**DATA SHOWN**
-=-=-=-=-
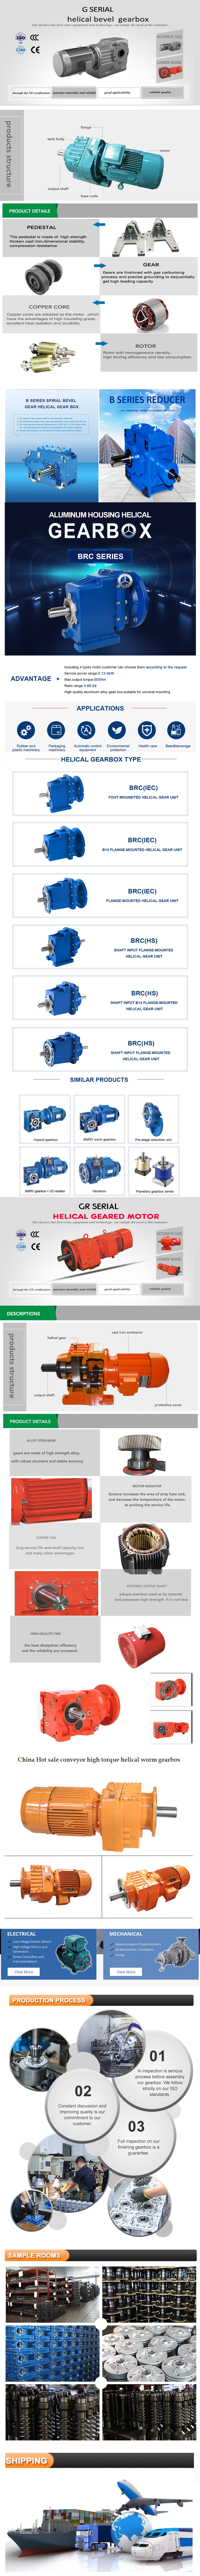   in Veracruz Mexico  sales   price   shop   near me   near me shop   factory   supplier Atg Pgh Series High Precision Helical Gears Planetary Gearbox for Servo Motor manufacturer   best   Cost   Custom   Cheap   wholesaler 
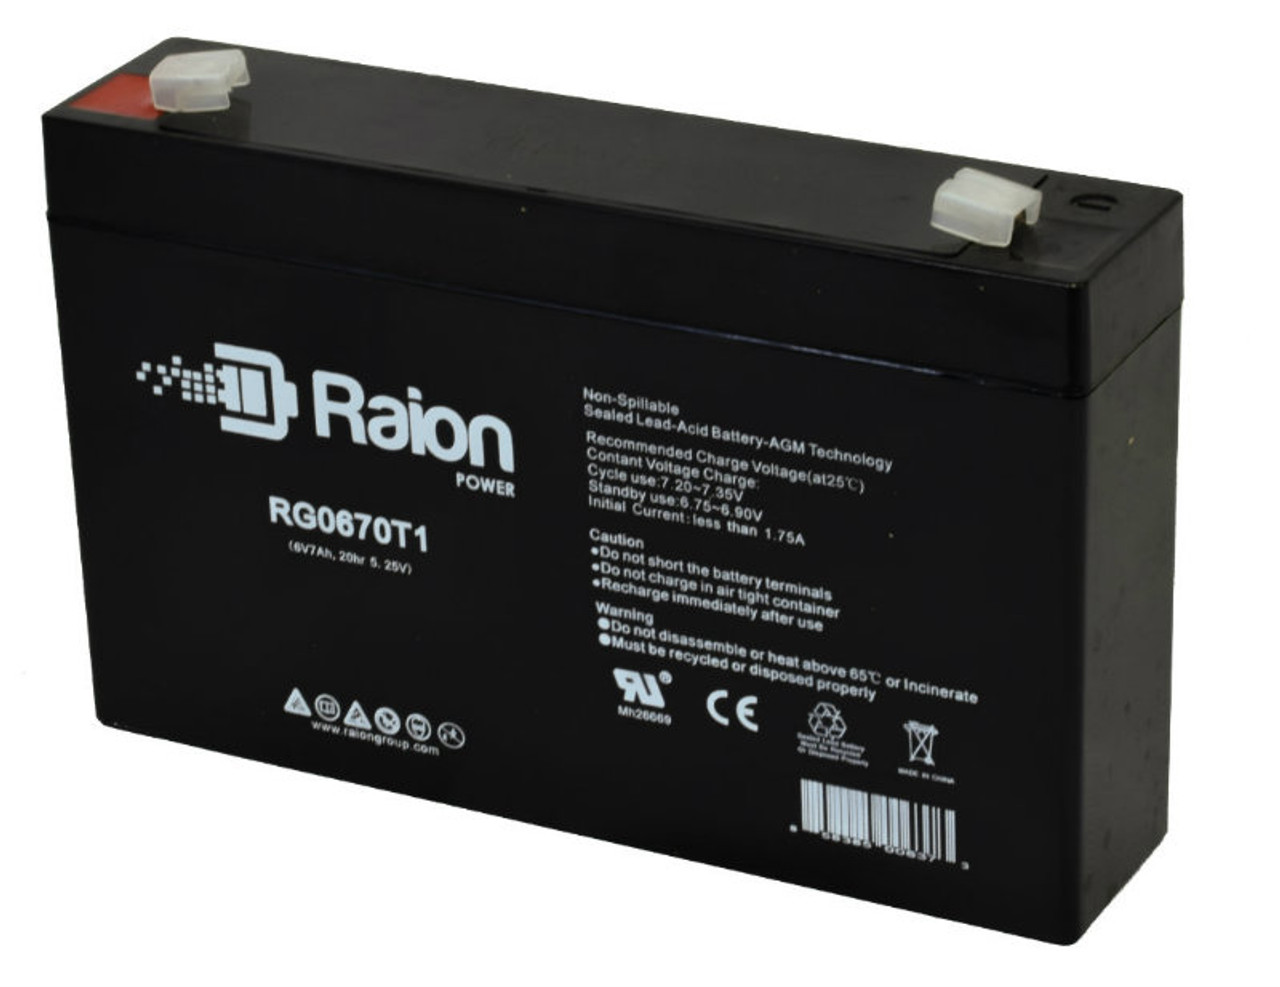 Raion Power RG0670T1 Replacement Battery for PM PM670 OEM Battery
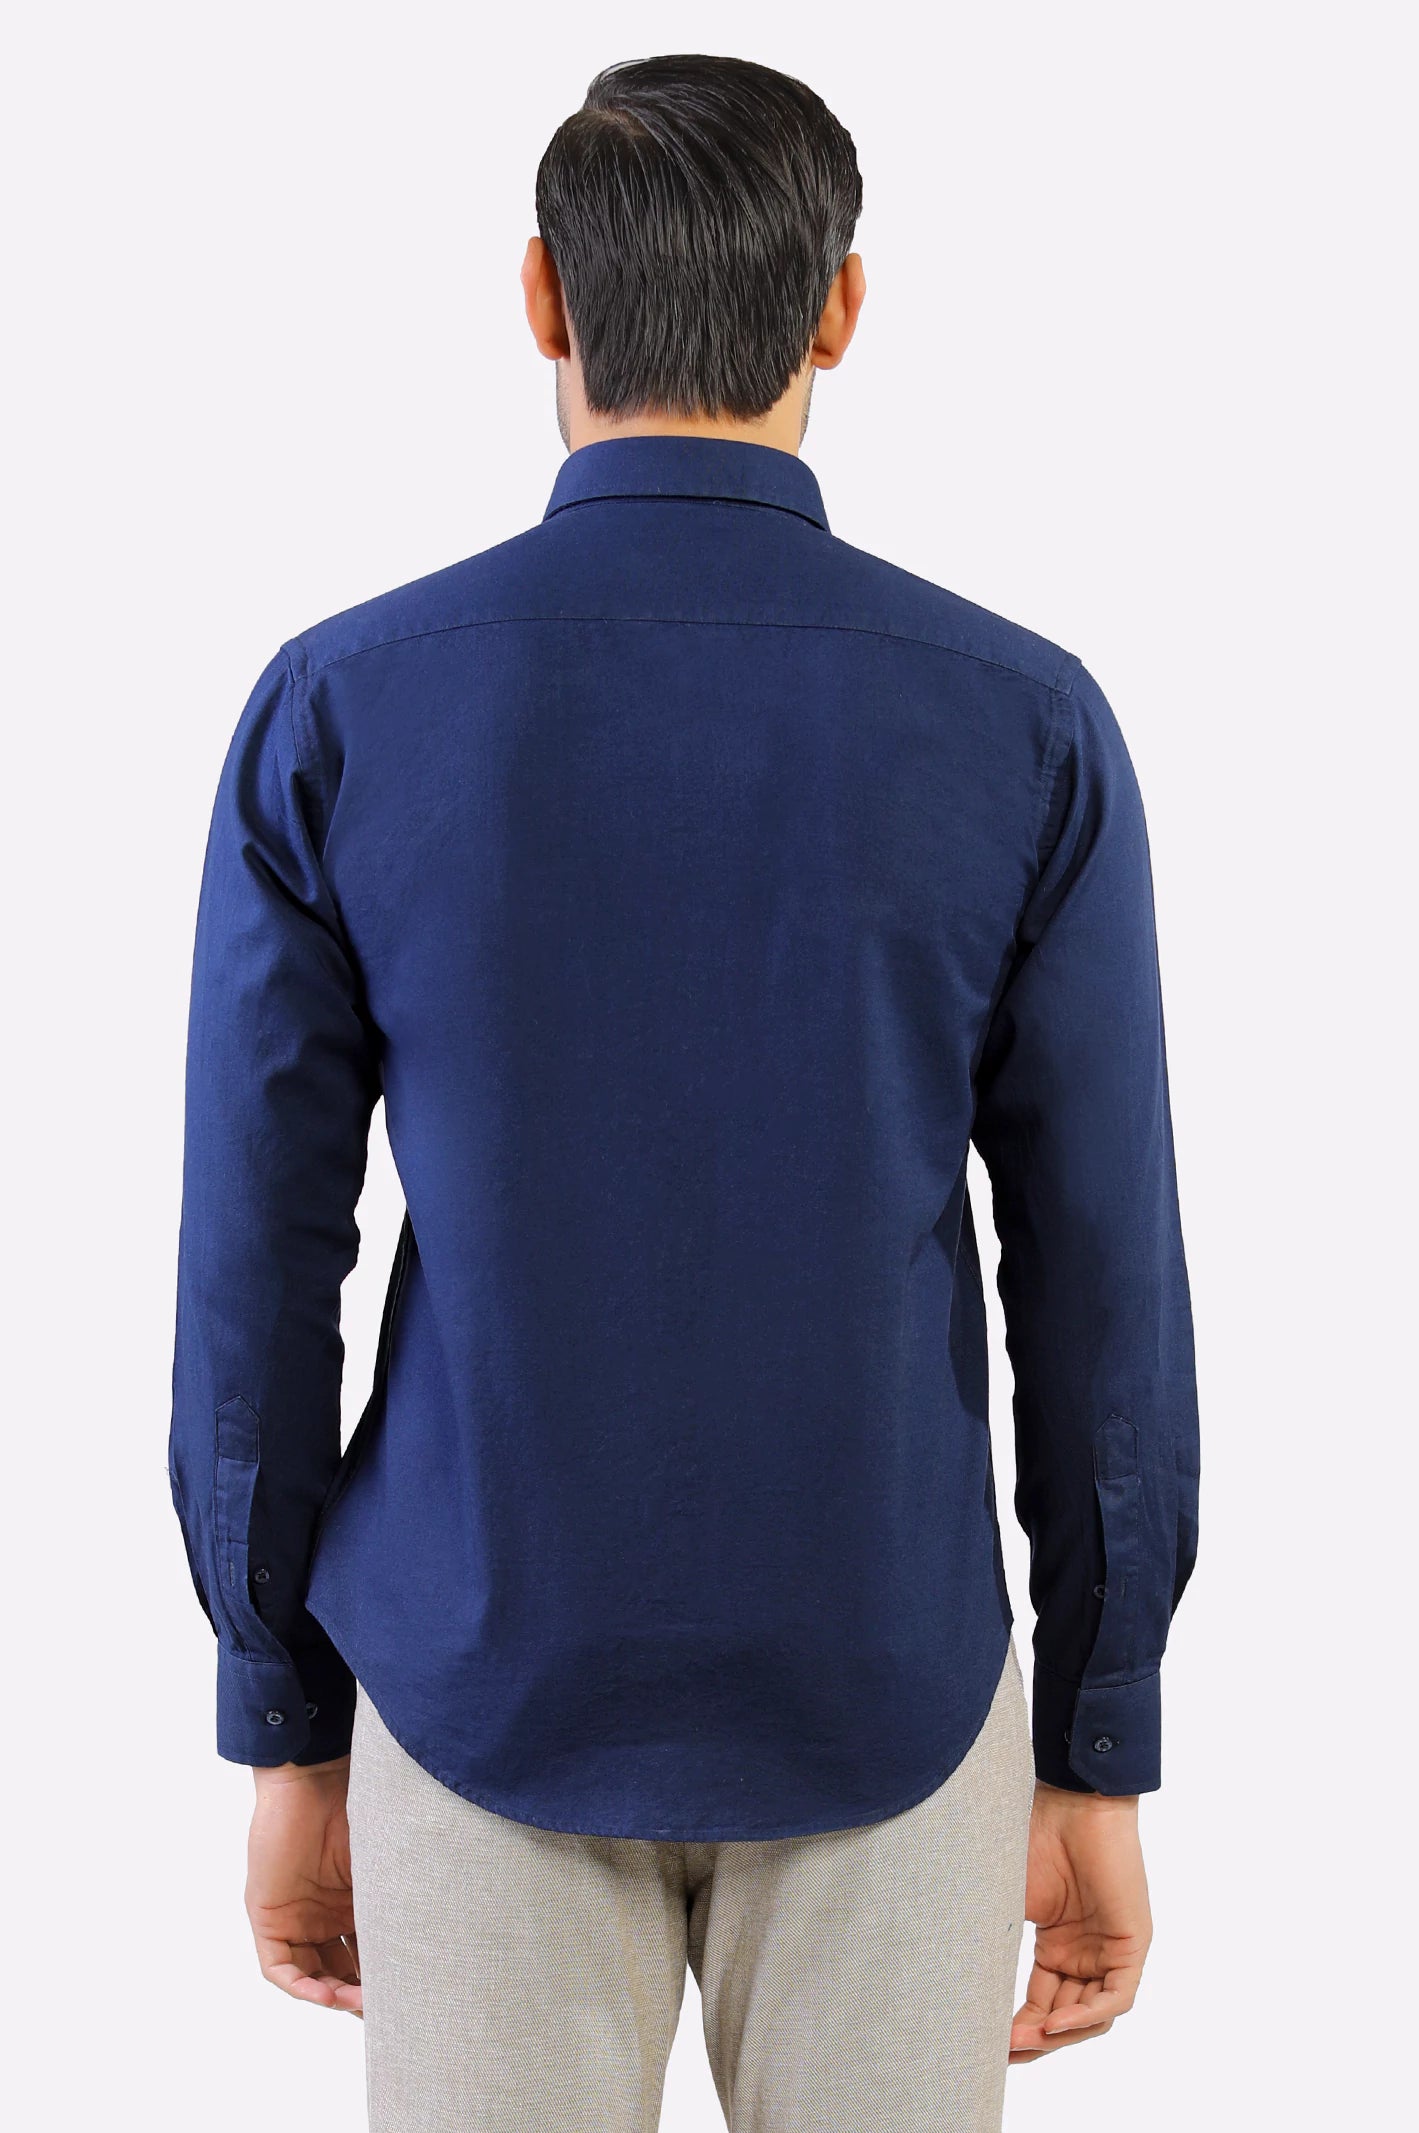 Diners Navy Blue Plain Casual Shirt for Sale
-=-=-=-=-
Reproduce the material in full, word for word, and omit the pictures.

**PROBLEM SOLUTION**
   in Veracruz Mexico  sales   price   shop   near me   near me shop   factory   supplier Atg Pgh Series High Precision Helical Gears Planetary Gearbox for Servo Motor manufacturer   best   Cost   Custom   Cheap   wholesaler 
 Raion Power RG0670T1 Replacement Battery for PM PM670 OEM Battery
 Diners Navy Blue Plain Casual Shirt for Sale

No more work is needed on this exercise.